Secondary electron emission due to Auger de-excitation of metastable nitrogen molecules at metallic surfaces

TL;DR

This paper models secondary electron emission caused by Auger de-excitation of metastable nitrogen molecules at metallic surfaces, using an effective approach that aligns well with experimental data for tungsten surfaces.

Contribution

It introduces a simplified yet accurate model for Auger de-excitation processes involving metastable nitrogen molecules at metal surfaces.

Findings

Good agreement with experimental data for tungsten surfaces.

The model effectively captures the Auger physics involved.

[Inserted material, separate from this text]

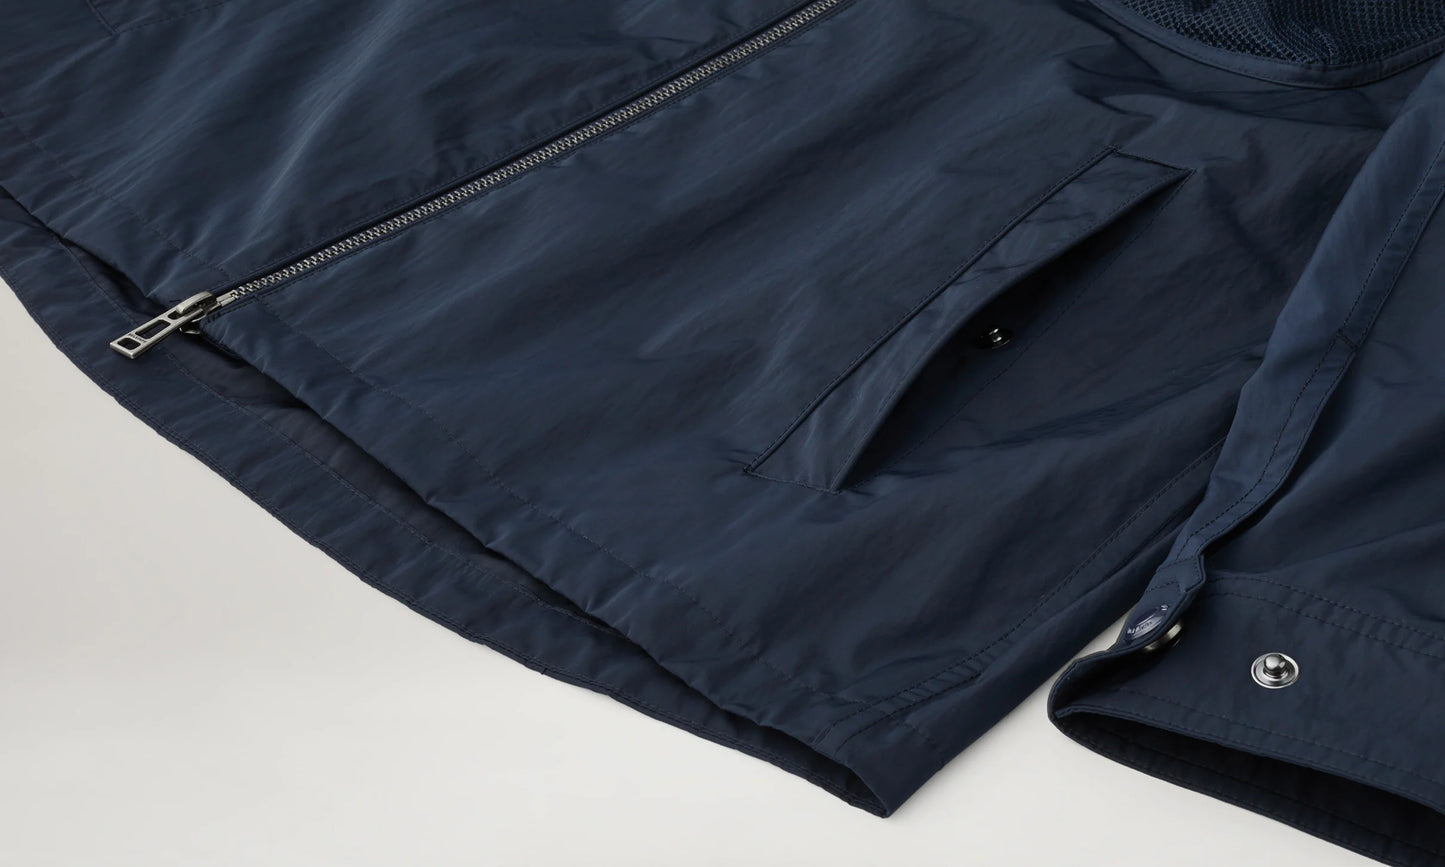 Navy Outline Overshirt

Retains non-locality in time and quantum number dependence in calculations.

Abstract

With an eye on plasma walls we investigate, within an effective model for the two active electrons involved in the process, secondary electron emission due to Auger de-excitation of metastable nitrogen $N_2(^3\sigma^+_u)$ molecules at metallic surfaces. Modelling bound and unbound molecular states by a LCAO approach and a two-center Coulomb wave, respectively, and the metallic states by the eigenfunctions of a step potential we employ Keldysh Green's functions to calculate the secondary electron emission coefficient $\gamma_e$ retaining for the Auger self-energy the non-locality in time and the dependence on the single particle quantum numbers. For the particular case of a tungsten surface we find good agreement with experimental data indicating that the relevant Auger physics is well captured by our easy-to-use model.